Un brutto silenzio

La caccia | Trasmessa il: 04/20/2008


    Sarà stato sicuramente un caso, più che la manifestazione di una intenzionale volontà di offendere, il fatto che il giorno stesso in cui papa Benedetto XVI veniva solennemente ricevuto alla Casa Bianca, a Washington, in un edificio a poche centinaia di metri di distanza la Corte Suprema degli Stati Uniti emetteva una sentenza che pone fine, in pratica, alla moratoria sulle esecuzioni capitali in quel paese e sgombra il campo da qualsiasi dubbio sulla costituzionalità, e quindi l'applicabilità, della pena di morte. Una coincidenza spiacevole, hanno osservato molti commentatori americani di parte liberal, come Alan Dershowitz, docente a Harvard e principe del foro, intervistato il giorno dopo dal “Corriere della sera”, ma una coincidenza. Non sembra neanche particolarmente significativo il fatto che su sette giudici (su nove) che hanno sostenuto questa bella decisione, ben cinque siano cattolici. Laggiù il concetto, per noi così ostico, della separazione tra stato e chiesa è recepito a tal punto dalla cultura corrente che è rarissimo il caso che l'appartenenza religiosa faccia da discriminante in una decisione di natura politica. I fautori dell'iniezione letale, ahimé, sono equamente distribuiti tra cattolici e protestanti, come lo sono i suoi oppositori, ed è soltanto ovvio che in una Corte nominata in gran parte da George W. i primi prevalgano sui secondi.
    Quello che non è stato sicuramente né un caso né una coincidenza è il fatto che il papa non abbia ritenuto di spendere una sola parola sull'argomento. È stata una decisione assolutamente conforme alla norma (alla sua norma, dico) visto che tra le tantissime cose che ha detto nei tre anni di esercizio della carica – sembrano, francamente, di più – non ricordo nessuna particolare dichiarazione contro la pena di morte, comunque somministrata. Sì, parla spesso di diritto alla vita e lo ha fatto anche mercoledì alla Casa Bianca, ma legando, come consueto, la “promozione” della vita a quella “della famiglia e del matrimonio”, una doppia endiadi che serve a ricordare a tutti che l'appello va letto esclusivamente in chiave antiabortista. Per la Chiesa e per i conservatori americani, evidentemente, la vita intesa come progetto o pura potenzialità ha un valore infinitamente maggiore della vita in quanto esperienza e coscienza di sé. D'altronde, anche il giudice Antonin Scalia, che deve essere, se ho capito bene la corrispondenza del “Corriere” in quella data, uno dei giudici cattolici favorevoli al boia, ha fatto notare come la legge canonica escluda “sempre l'aborto, solo talvolta la pena di morte”.

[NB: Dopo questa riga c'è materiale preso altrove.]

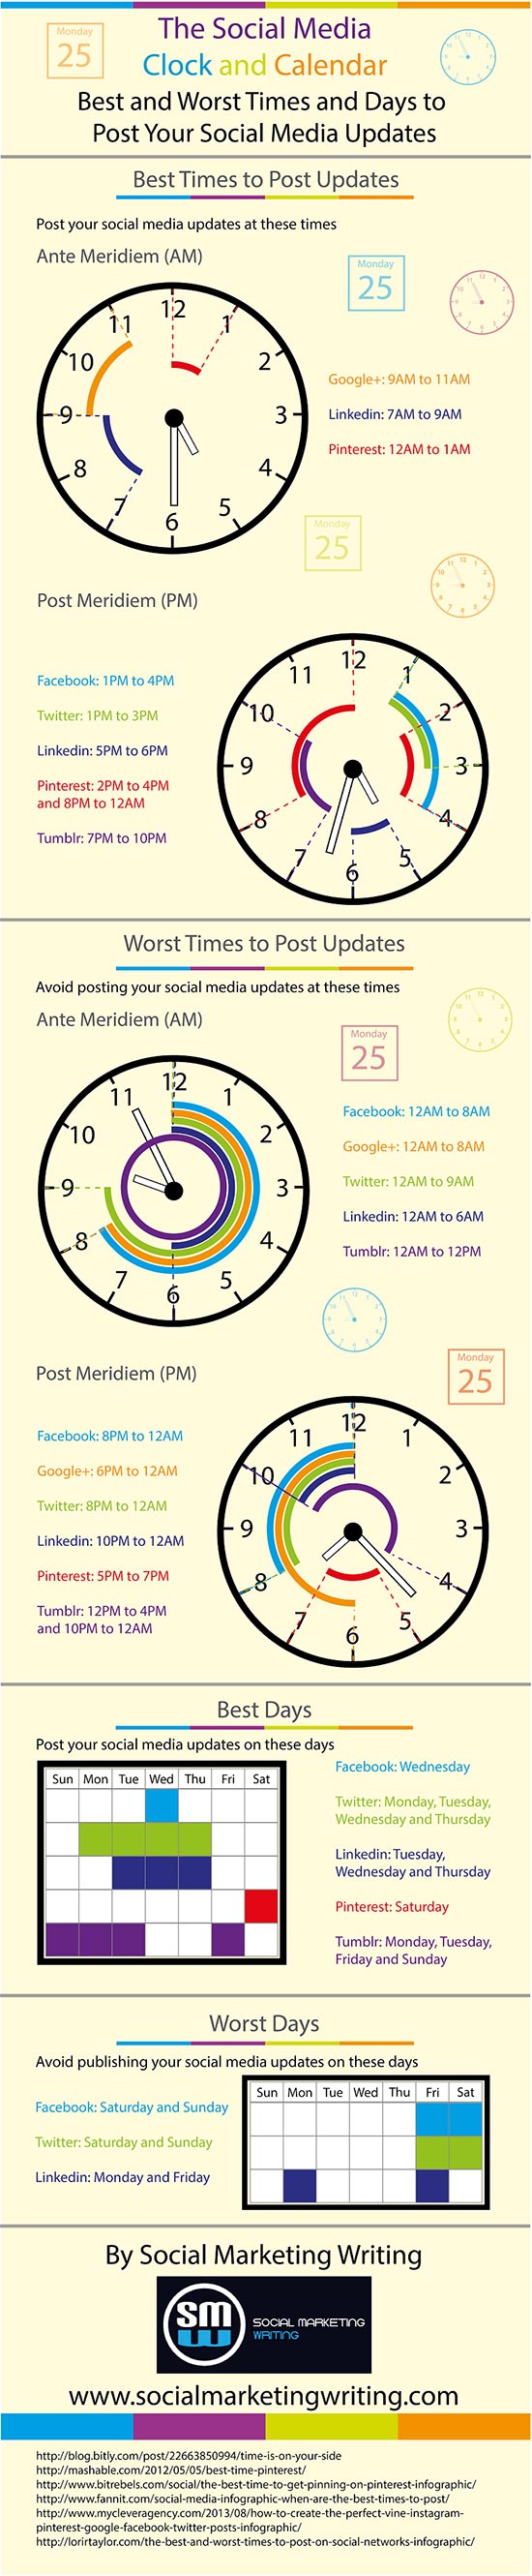 Social Media: a che ora ed in che giorno postare? - Infografica
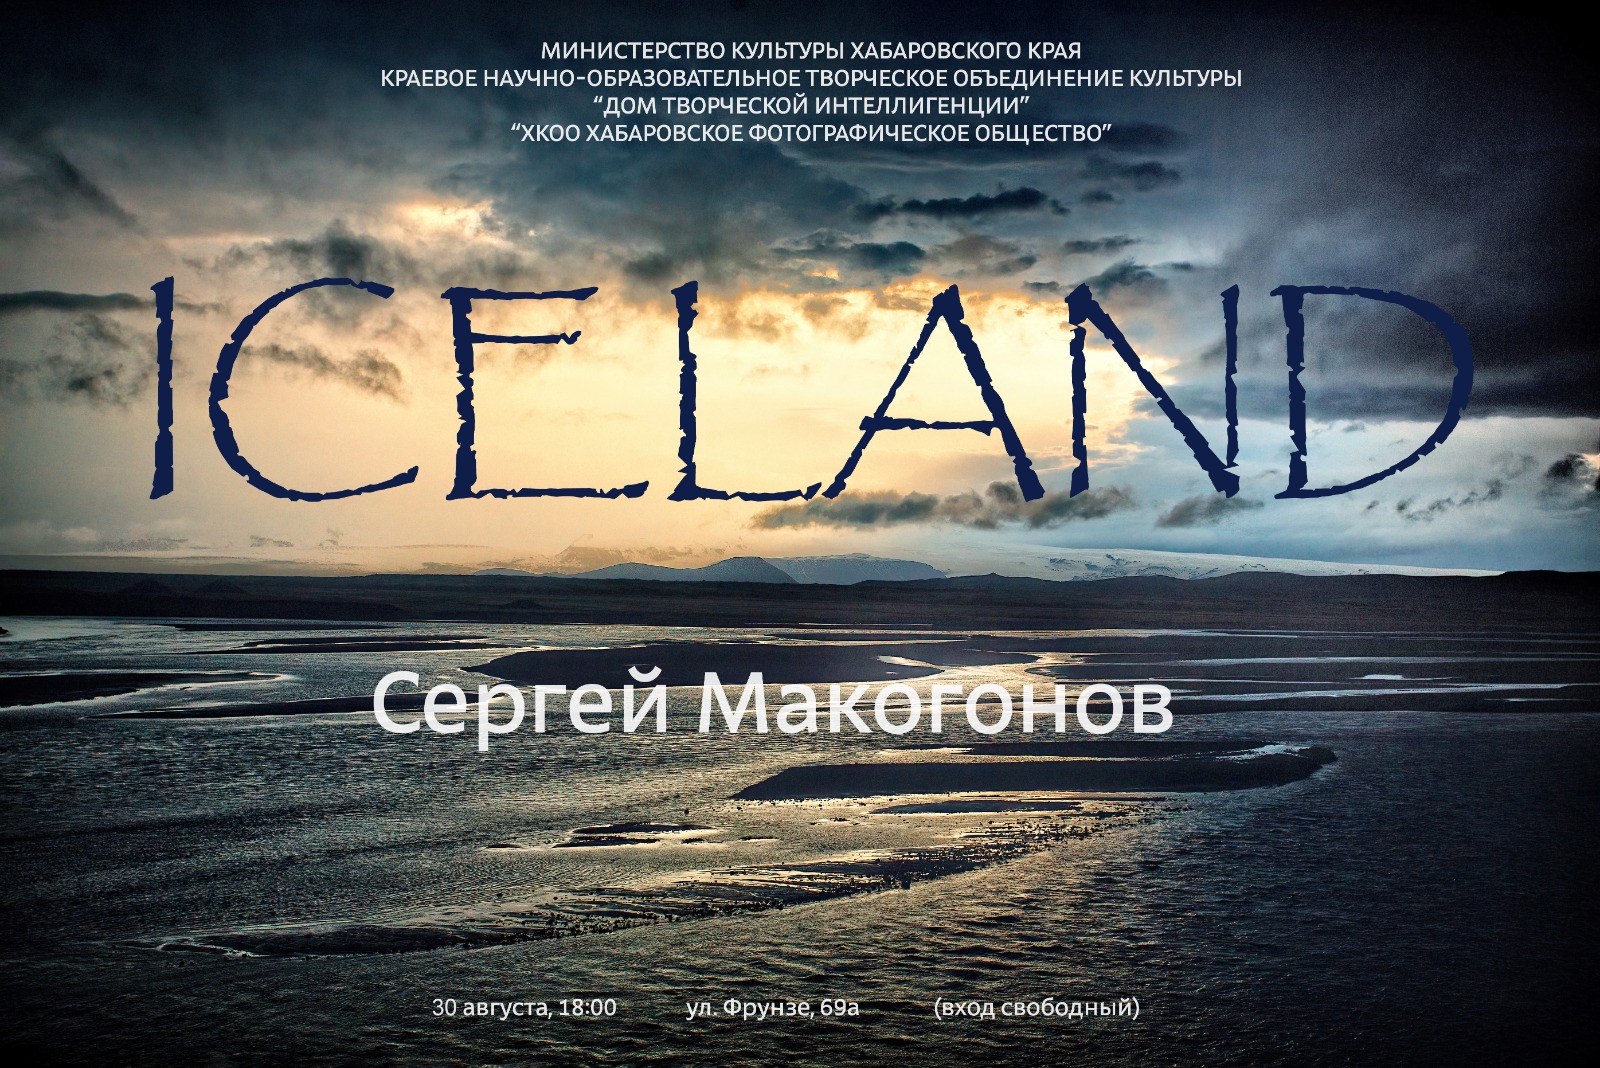 You are currently viewing Фотовыставка Сергея Макагонова «Исландия» откроется в Доме творческой интеллигенции

    Non credo valga la pena di stare a discutere su una simile maniera di considerare il diritto alla vita: sono contraddizioni, queste, che ciascuno, papa, giudice o semplice cittadino, deve smazzarsi da sé, in esclusivo rapporto con la propria coscienza. Ma certo il problema qualche parola la meriterebbe, specie da parte di chi rivendica una sorta di autorità magistrale sui valori recepiti o rifiutati dalla società contemporanea. Non mancheranno, a difesa della scelta di Sua Santità, i sostenitori dell'opportunità diplomatica di un tale silenzio, ma non è bello, lo ammetterete, che un capo spirituale si faccia dettare i suoi argomenti dalle cautele della diplomazia. Un bel tacere, come ammonisce l'antico adagio, non fu mai scritto, ma di brutti silenzi sono piene le cronache e talvolta proprio in rapporto al Successore di Pietro. Di uno in più non si sentiva, francamente, il bisogno.